Light controls two-atom quantum computation
Some powerful rulers of the world may dream of the possibility to get in touch with their colleagues on different continents unnoticed by friends or foes. Someday, new quantum technologies could allow for making these wishes come true. Physicists around the world are working on the realization of large scale quantum networks in which single light quanta transfer (secret) quantum information to stationary nodes at large distances. Such quantum networks' fundamental building blocks are, for example, quantum repeaters that counteract the loss of quantum information over large distances, or quantum logic gates that are necessary for processing quantum information.
Now, a team of scientists around Professor Gerhard Rempe, director at the Max Planck Institute of Quantum Optics and head of the Quantum Dynamics Division, has demonstrated the feasibility a new concept for a quantum gate (Phys. Rev. X 8, 011018, 6 February 2018). Here, photons impinging on an optical cavity mediate an interaction between two atoms trapped inside. This interaction is the basis for performing characteristic gate operations between the atoms, for example the operation as a CNOT gate or the generation of entanglement. The new method offers a variety of advantages: for example, the gate operations take place within microseconds which is an asset for quantum information processing. Also, the gate mechanism can be applied to other experimental platforms, and the two-atom gate can serve as a building block in a quantum repeater.
Core element of the experiment (see figure 1) is an asymmetric high-finesse optical resonator, consisting of a high-reflection mirror (left) and a mirror with a finite transmission (right). Two electrically neutral rubidium atoms are trapped in the centre of the cavity. Each atom carries a qubit, i.e. quantum information that is encoded in the superposition of two stable ground states which correspond to the classical bits "0" and "1." "One of the ground states is in resonance with the cavity's light field. Hence, atoms and cavity form a strongly coupled system," Stephan Welte explains, who works on the experiment for his doctoral thesis. "That's why the atoms can talk to each other. This process cannot take place in free space."

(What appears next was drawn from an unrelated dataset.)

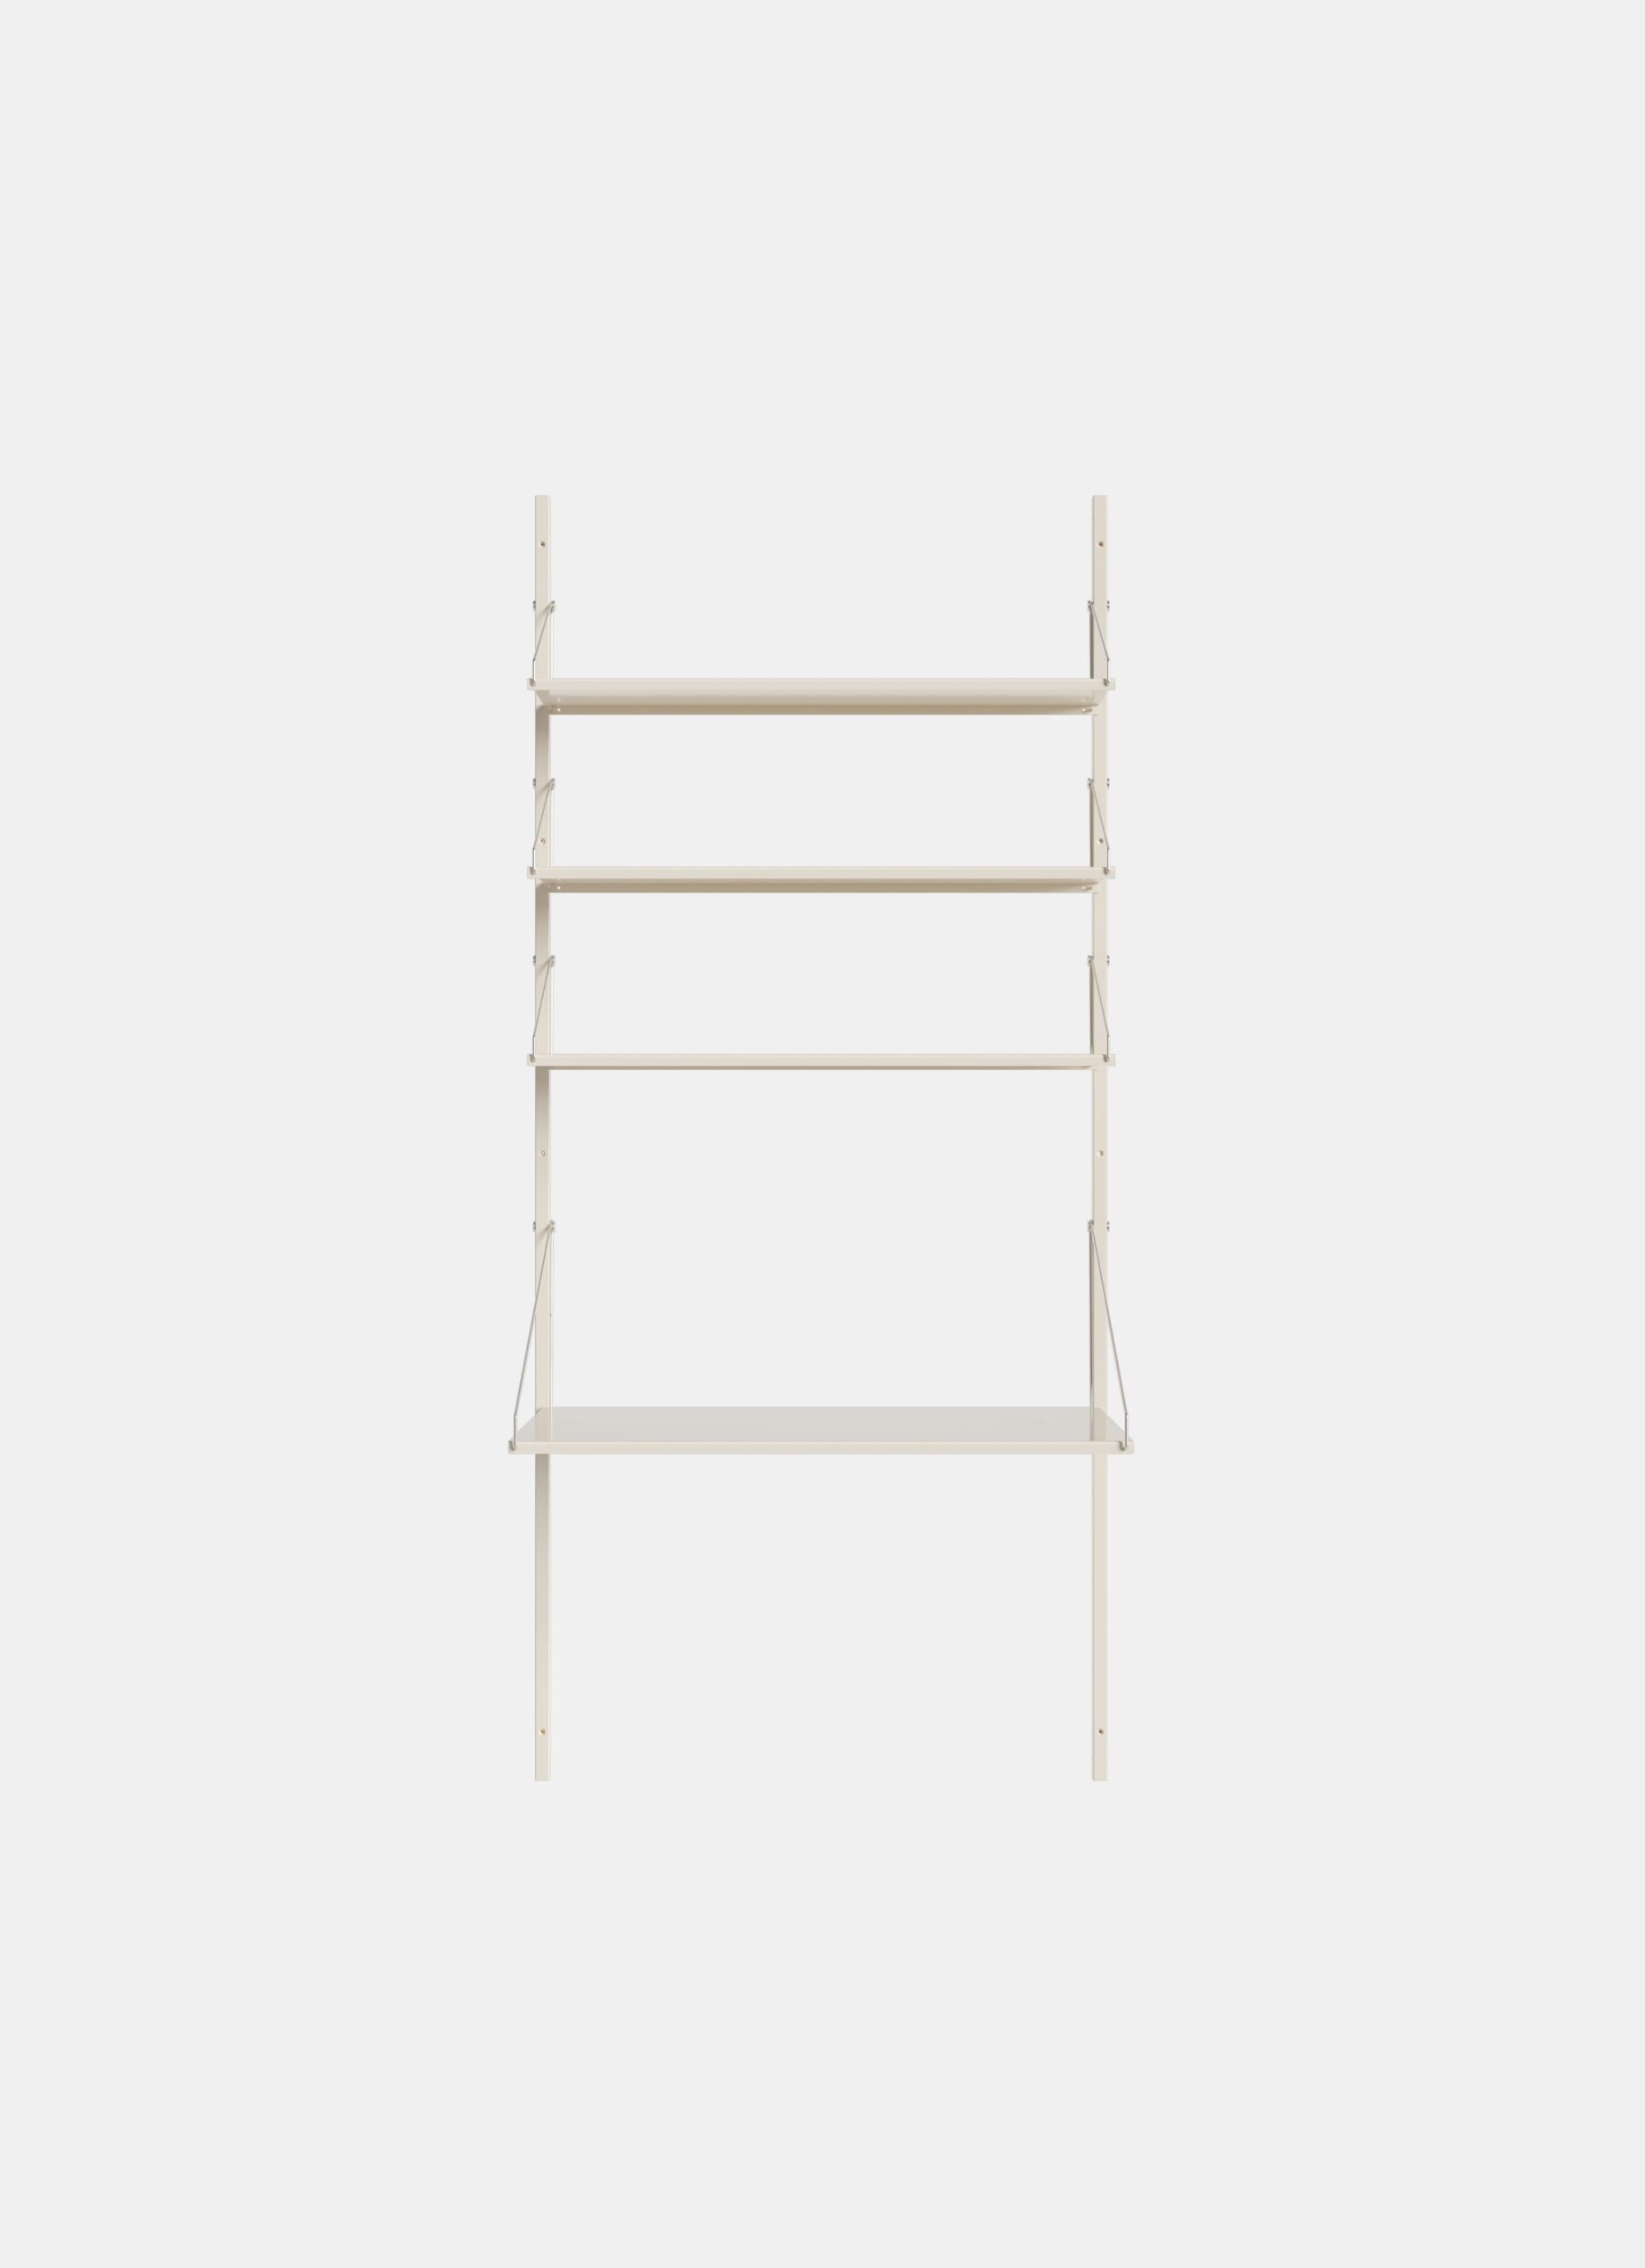 Frama - Shelf Library - Warm White Steel - H1852/W80 - Desk Section
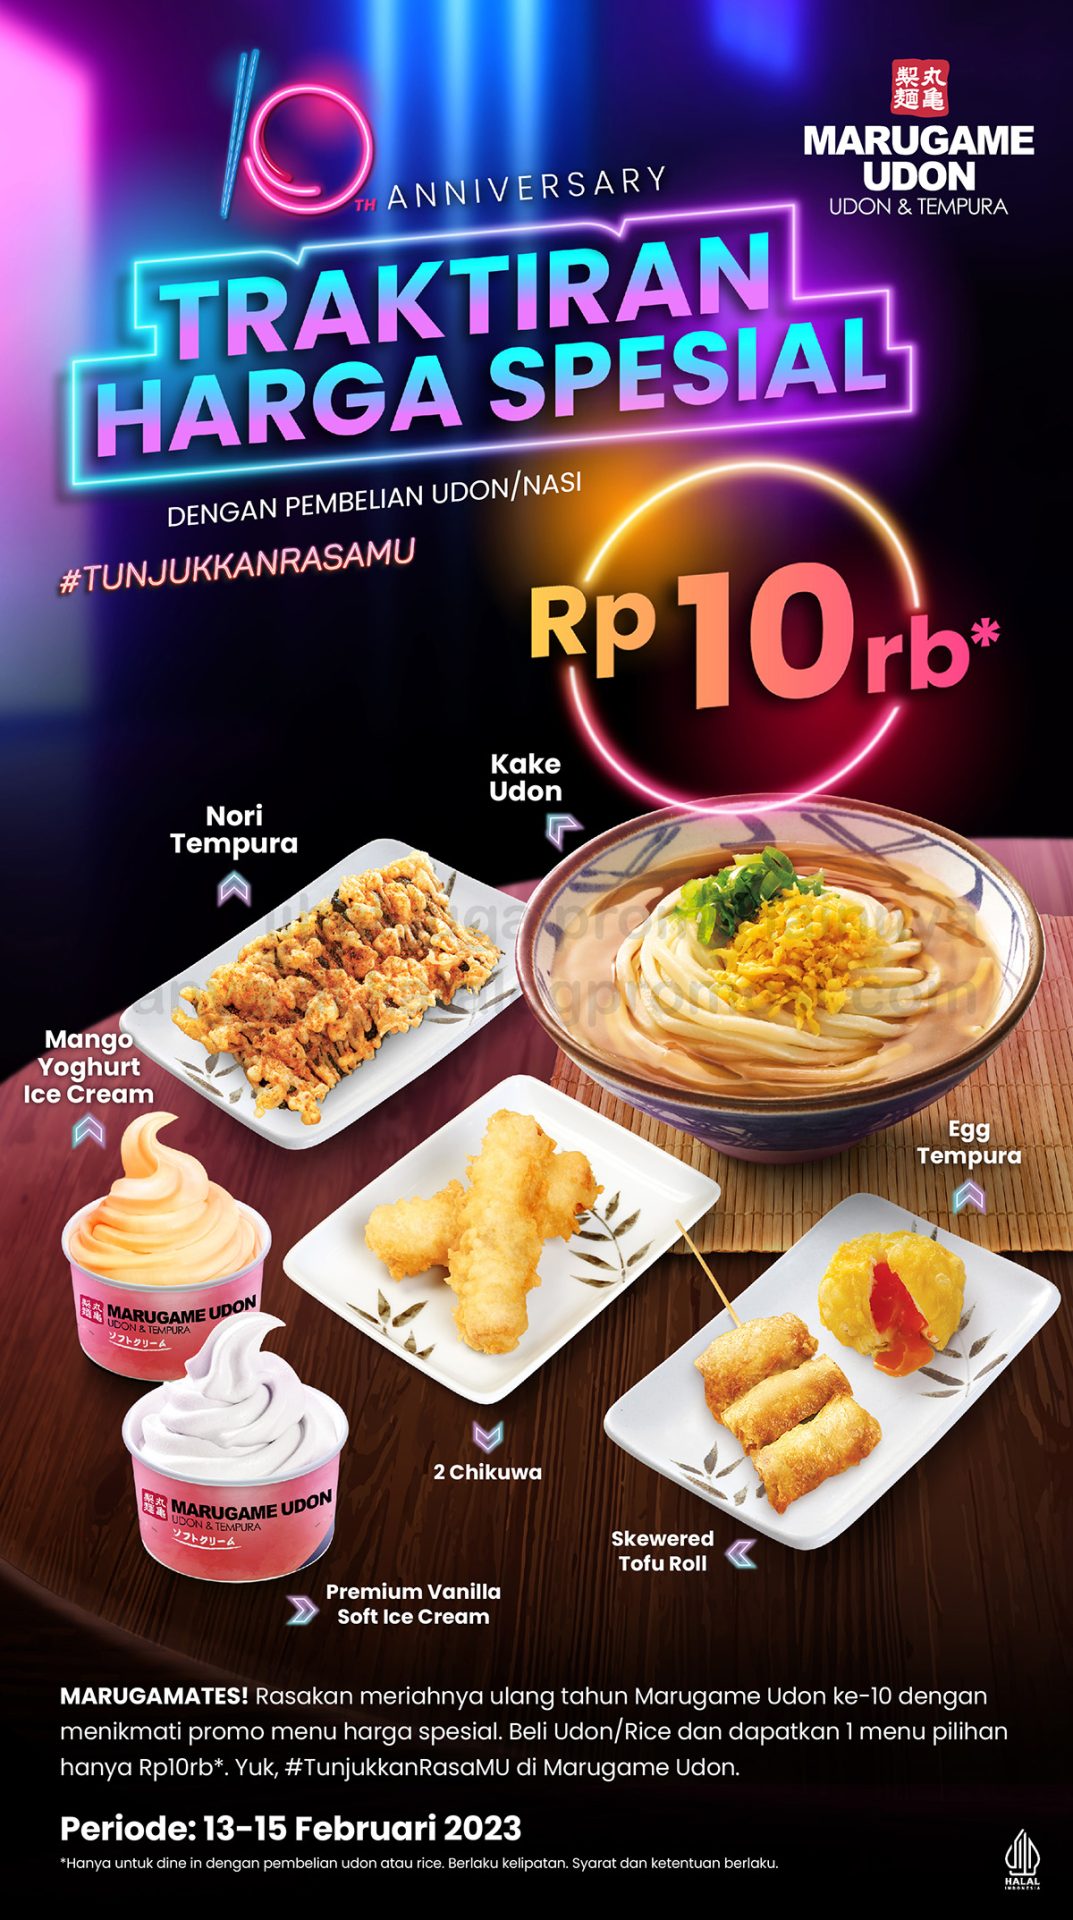 Promo Marugame Udon Spesial ANNIVERSARY  - Harga Spesial menu pilihan cuma Rp 10.000

To execute the gate, single photons are sent onto the semi-transparent mirror. Then, depending on the initial states of the atoms, different scenarios are possible. "When both atoms are in the non-coupling state the photon can enter the cavity, and a standing light wave between the two mirrors builds up," says Bastian Hacker, another doctoral candidate on the experiment. "The atoms can communicate via this light field: if it is present, the phase of the stored qubits gets rotated by 180 degrees." In all other cases, if one or both atoms are in resonance with the cavity modes, the photon gets blocked from the cavity, and the state of the atoms does not acquire a phase shift.
These effects are used to execute basic mathematical operations (quantum gates) between the two atoms, as is demonstrated by the Garching team with two characteristic gate operations. On the one hand, the scientists show that their experimental setup can work as a typical C(ontrolled)NOT gate: here the input state of the (control) qubit decides whether the other one's (target's) state is being changed or not. In order to demonstrate this functionality, the gate operation is executed on a set of four orthogonal input states, and in each case the resulting output state is determined. From these measurements a table is derived that resembles a classical XOR gate.
On the other hand, in another series of measurements the scientists prove the creation of quantum entangled output states from two initially independent atoms. "To this end, the atoms are prepared in a coherent superposition of both ground states," Stephan Welte points out. "Therefore, both cases – that the photon enters the cavity and that it is rejected – are quantum-mechanically superimposed, and the gate operation leads to the entanglement of the atoms."
"The mechanism underlying the gate operation is very simple and elegant because it only comprises one physical step. In contrast to other gate mechanisms the distance between the qubits – in our case 2 to 12 micrometres – does not matter at all," Bastian Hacker emphasizes. "Also, our gate does not rely on the specific platform of rubidium atoms. It could equally well be applied to many other types of atoms, ions or, for example, solid state quantum dots that carry quantum information." Professor Gerhard Rempe even envisions further extensions of the system. "We consider placing several atoms, instead of just two, into the cavity. Our gate mechanism could operate on many of them at the same time." In a large-scale quantum network, multi-qubit nodes could serve as small quantum computers that perform basic computations and send their results to other nodes.